Analysis of liquefaction-induced instability and failure in slopes and embankments is an important problem of geotechnical earthquake engineering. While various empirically-based and/or simplified approaches have been developed and used in practice, the current state of knowledge of stress-strain-strength behavior of liquefiable soils, the wealth of observed response of soil slopes and embankments during recent earthquakes, and the significant progress in numerical modeling of engineering structures in recent years, have prepared the ground for a more rigorous, yet realistic, approach to the analysis of liquefaction-induced instability and failure. This project is to develop a multiscale approach, which allows the soil response to be captured in both pre- and post-failure stages with a unified constitutive model.

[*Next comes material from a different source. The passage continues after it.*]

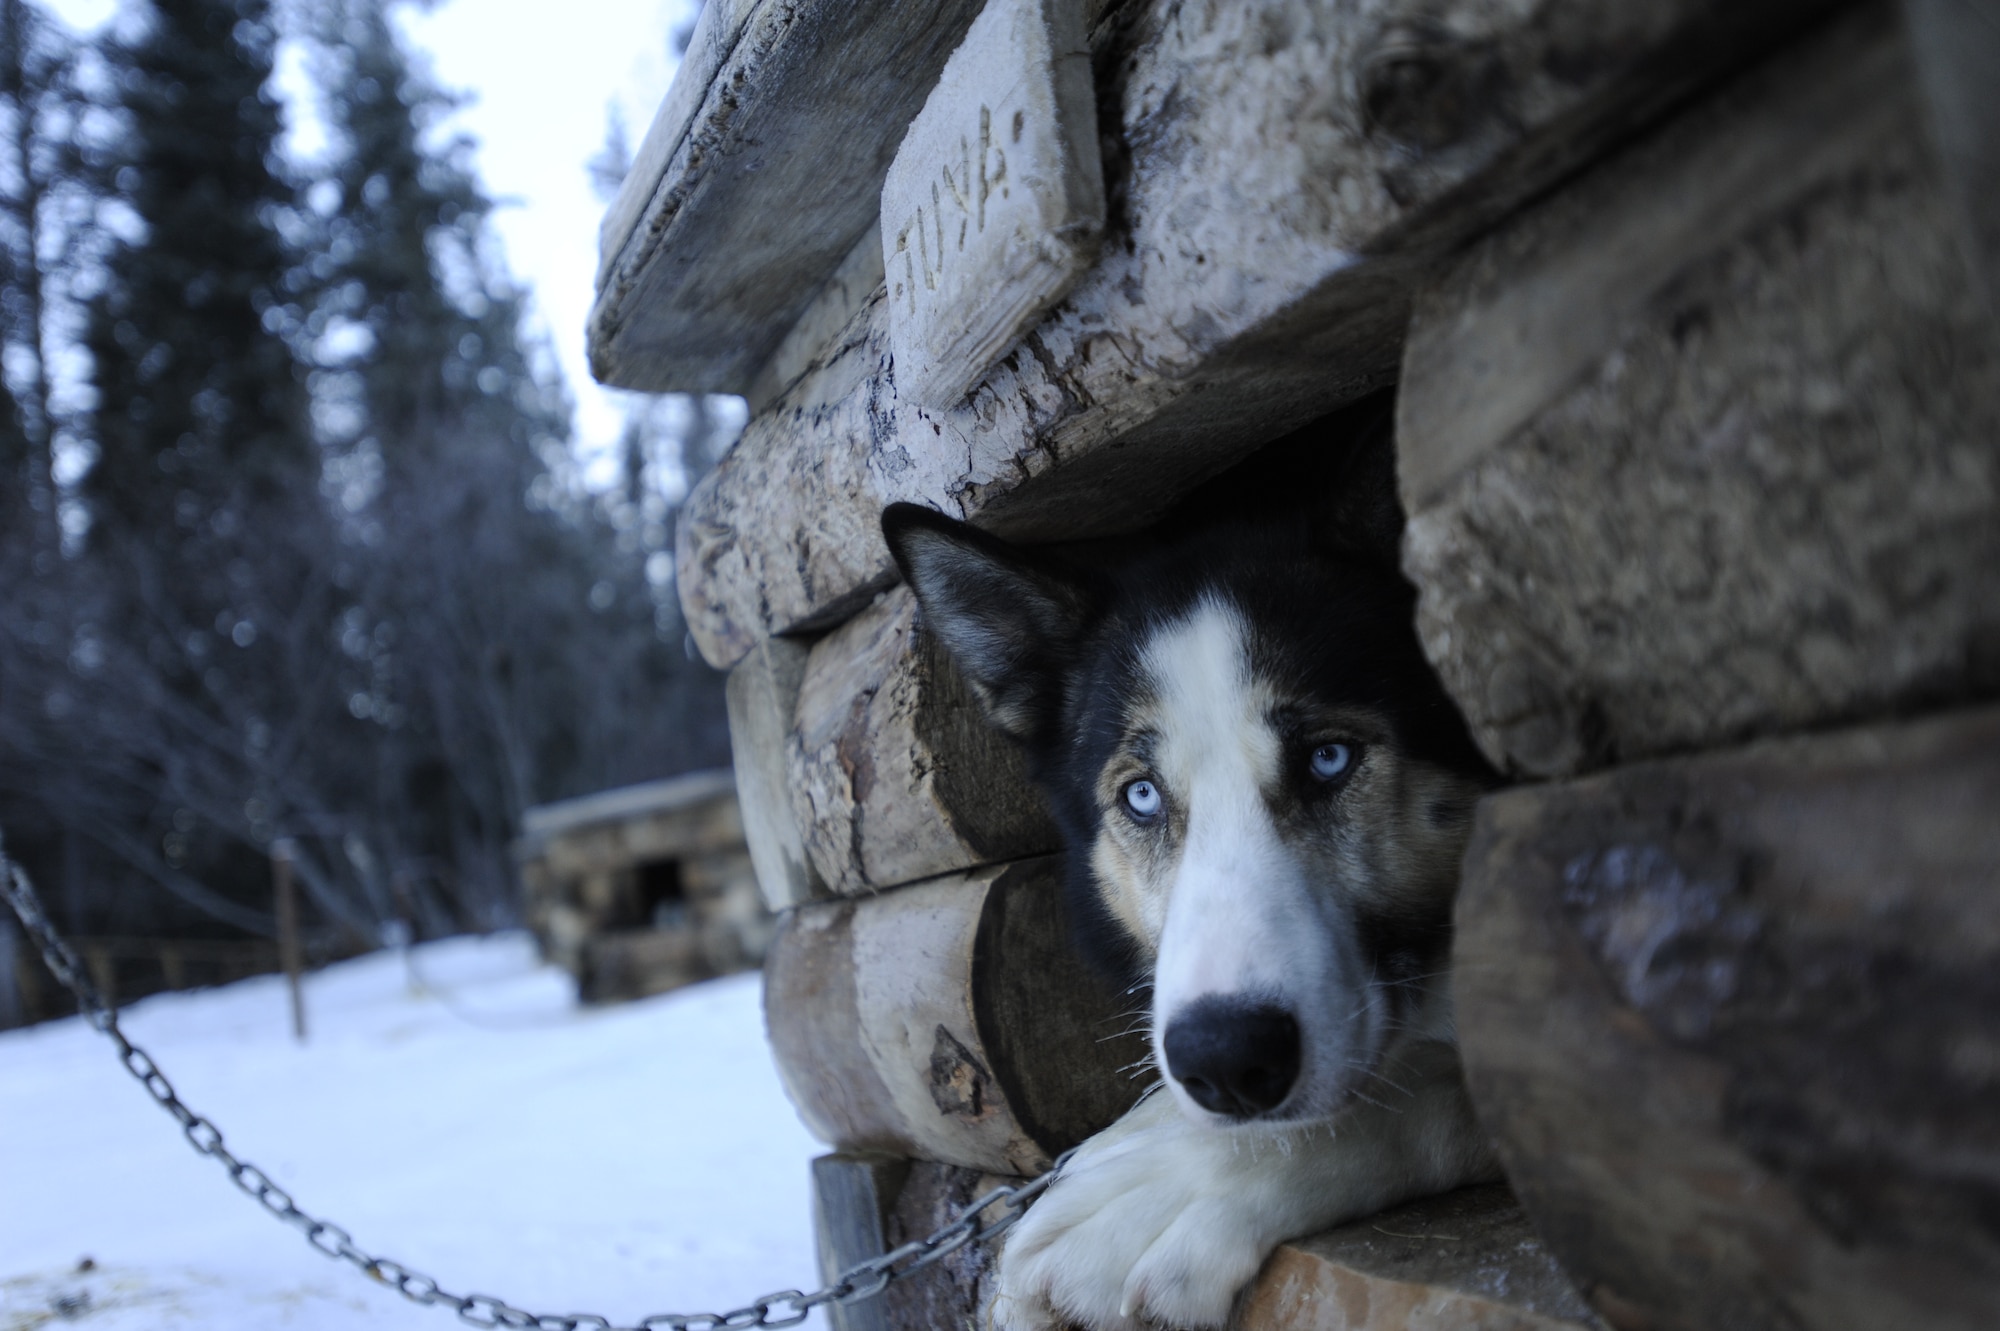 Tuya, a sled dog, rests in her doghouse after greeting a handful of park guests at Denali National Park, Alaska, Jan. 19, 2015. Denali National Park has nearly 30 sled dogs that patrol much of the park’s 6 million acres throughout the winter; visitors are encouraged to meet the dogs while the dogs are not on patrol. (U.S. Air Force photo by 1st Lt. Elias Zani/Released)

Moreover, since the traditional finite element (FE) approach for fully-coupled effective stress analysis of soils is severely limited in handling the near- and post-failure response of a geotechnical system, a meshfree method is proposed to overcome the known difficulties of an FE approach, and to produce reliable and robust solutions in all stages of a liquefaction analysis.

The intellectual merit of the project lies in the development and introduction of two very powerful constitutive and numerical methods in the analysis of soil liquefaction. The proposed methods will be implemented in a public domain open source code, which can be used by researchers and practitioners. The developed computational tool will be validated and verified against a series of experimental and field observations on the responses of soil slopes and embankments.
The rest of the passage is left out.